Moroccan painter (1942–2003)

Mohamed Kacimi (1942–2003) was a Moroccan painter. He was the recipient of the Grand Prix du Mérite from the King of Morocco in 2000.

==Early life==
Mohamed Kacimi was born on December 28, 1942, in Meknes, Morocco.

==Career==
Kacimi was a painter. He was a member of the Association Marocaine des Arts Plastiques (AMAP). He was invited to paint murals in Asilah in 1978. His work was published in Le Monde Diplomatique on a regular basis. Meanwhile, Revue Noire published a special issue about his work in 1996. Kacimi was awarded the Grand Prix du Mérite from the King of Morocco in 2000.

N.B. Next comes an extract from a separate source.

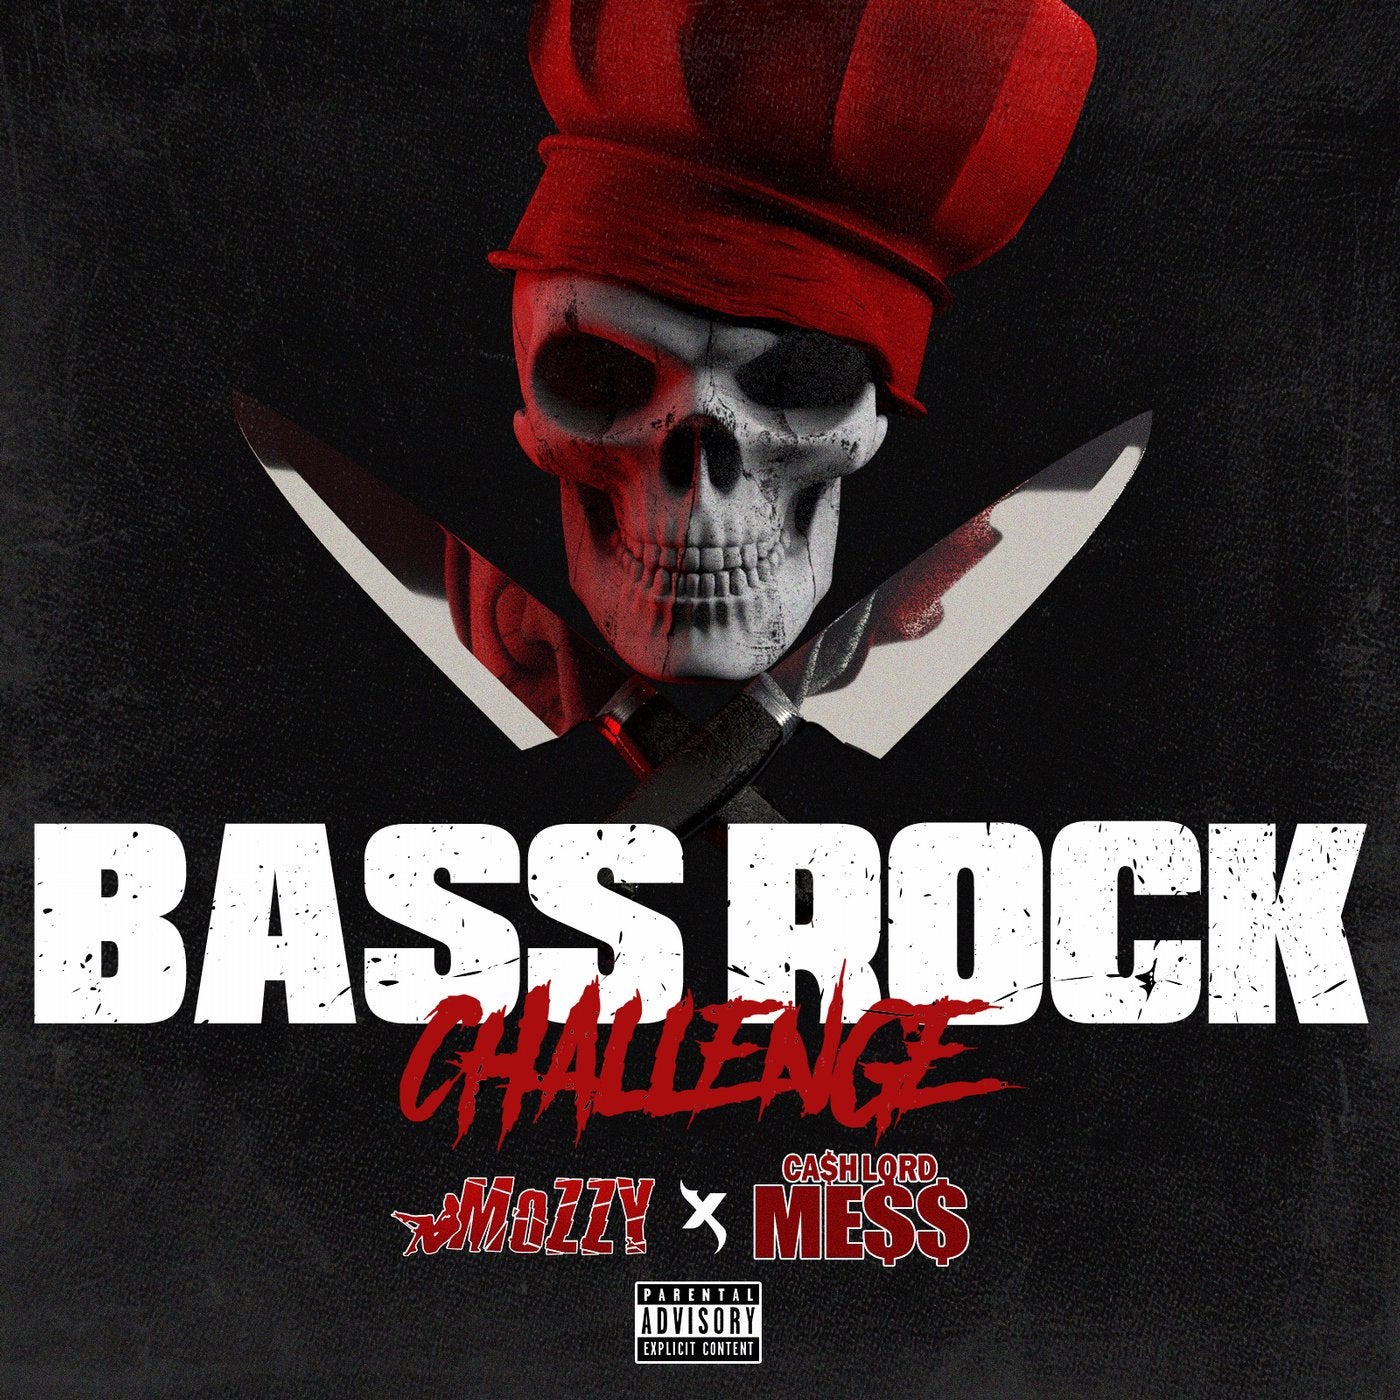 Bass Rock Challenge

Kacimi was also a human rights activist. He exhibited his work for the Organisation Marocaine des Droits Humains (OMDH) in 2002. In September 2003, he wrote an open letter to Sidiki Kaba, the president of the International Federation for Human Rights, calling for the release of journalist Tayseer Allouni.

==Death and legacy==
Kacimi died in a Hepatitis C-induced coma on October 27, 2003, in Rabat. Shortly after his death, the Moroccan Ministry of Culture called him an "ambassador of Moroccan painting throughout his life." In 2005, the ministry dedicated the Galerie Mohamed Kacini in Fez. By 2007, some of his work was auctioned by Christie's, with one painting being sold for US$67,000.